In a trend that appears to only be accelerating, nearly 30 percent of abortions in Colorado last year were for patients who crossed state lines. That figure about doubled from 2021.  

That’s according to data provided to CPR by the Colorado Department of Public Health and Environment.

Out-of-state patients are traveling to Colorado — and other states — in record numbers to seek legal abortions. That’s because last year's decision by the Supreme Court to overrule Roe v. Wade eliminated the constitutional right to an abortion after almost 50 years. 

“We've seen an increase in out-of-state patients in all of our health centers across our (national) system, and then certainly in Colorado as well,” said Adrienne Mansanares, the president and CEO of Planned Parenthood of the Rocky Mountains. “About two out of every five of our abortion care patients don't live in Colorado.”

This year, the trend is already evident in the preliminary health department data as of this month. The total number of abortions is higher than at this point in 2022, and so is the share of patients from out of state. 

Colorado has recorded more than 3,100 out-of-state patients coming for an abortion so far in 2023. The number was about 2,000 as of the same time last year. A third of all terminated pregnancies in 2023 so far have been for non-Colorado patients. That compares with nearly 28 percent for all of 2022.



Twenty-two states now prohibit abortion or restrict it earlier in pregnancy than the standard established by Roe v. Wade, according to the NYTimes.

Some states ban the procedure altogether. Others prohibit it at six weeks gestational age or after fetal cardiac activity is detected.

“A lot of it is unsaid, just because it's been over a year now, and every time we see a patient from out of state, we don't even ask them like, ‘Oh, why did you come to Colorado?’ It's just kind of understood,’ said Dr. Nancy Fang, of the Comprehensive Women’s Health Clinic. “They weren't able or aren't able to get care in their state.”

Abortion is protected under Colorado law. However, a 1984 law forbids using state funds to cover the cost of most abortions. Recent measures, including an executive order in 2022 and a shield law passed the following year, protect those seeking or providing abortions in the state from laws in other states.

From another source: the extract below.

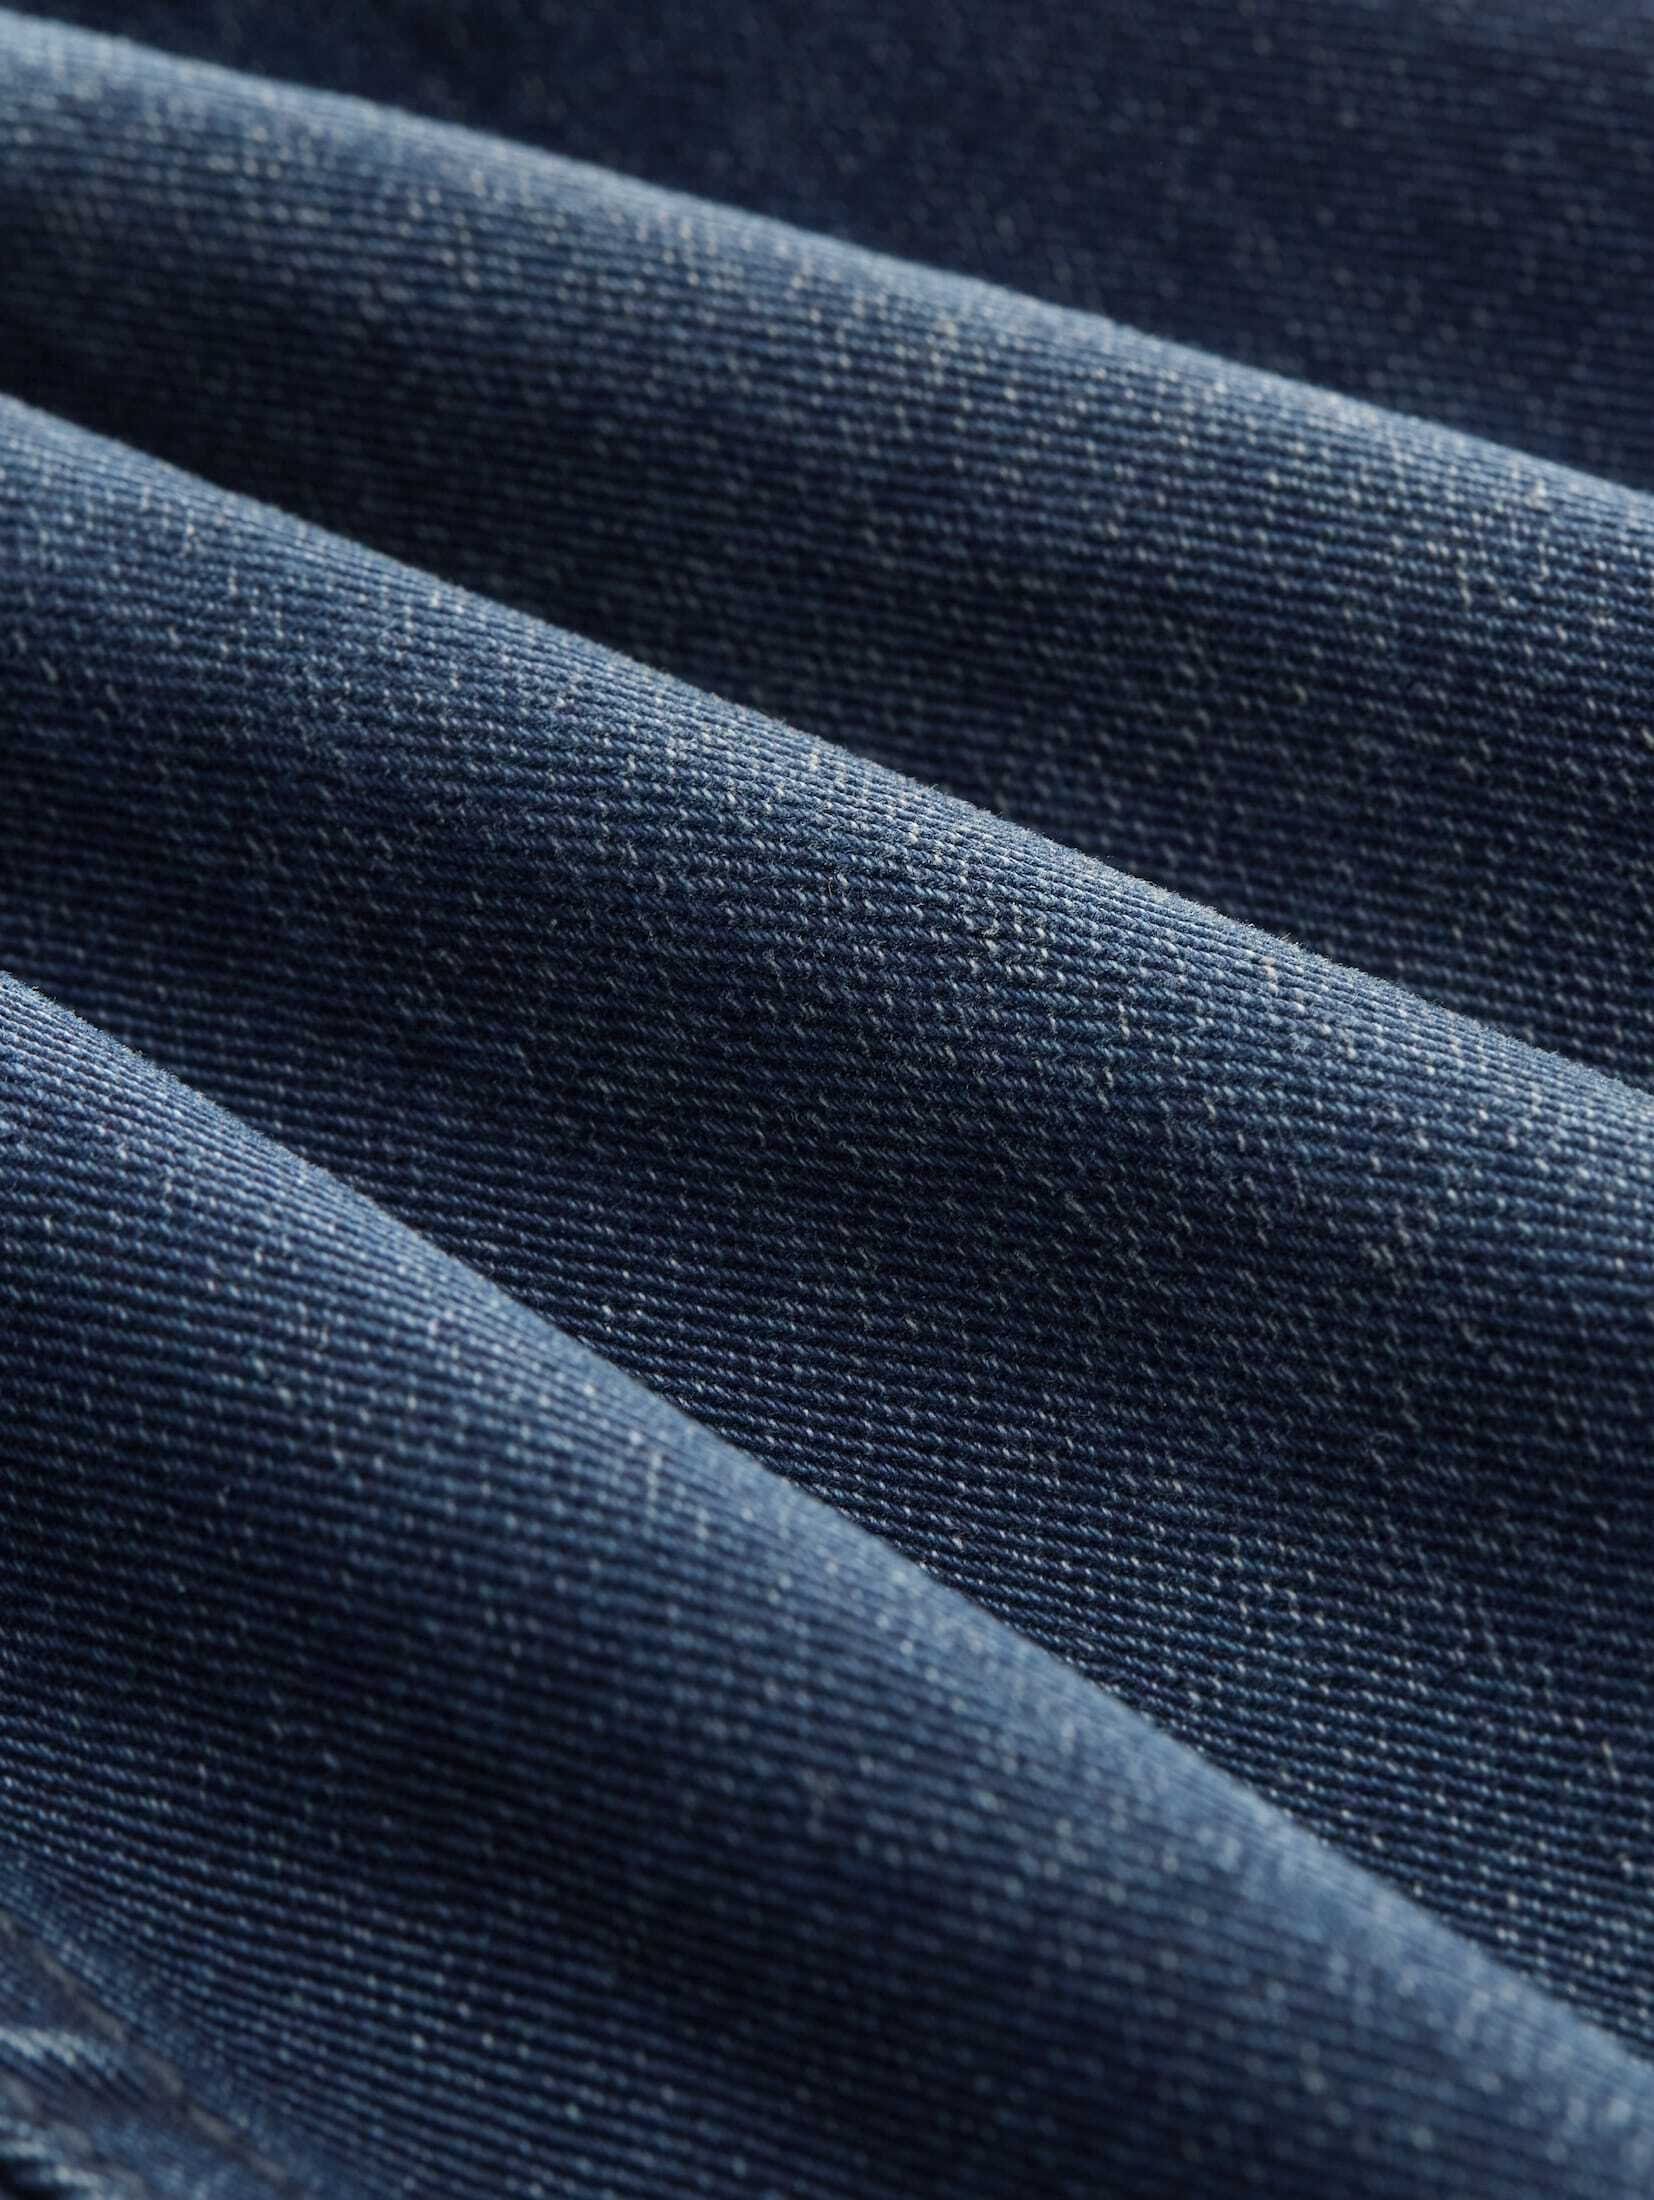 Taschendetails TOM mit Straight Straight-Jeans Jeans Marvin TAILOR

Colorado is one of a number of states that are seeing an influx of those seeking an abortion if they’re unable to get one where they live. 

That’s according to research from the Guttmacher Institute, a research and policy organization that supports reproductive rights.

The group examined the percent change in the number of abortions provided by the formal health care system from 2020 through the first half of 2023.

Colorado recorded an 89 percent increase, and nearly 6,000 more abortions, over that time period. That put the state in the top five by percentage increase, behind New Mexico (+220%), Wyoming (+202), South Carolina (124%) and Kansas (114%)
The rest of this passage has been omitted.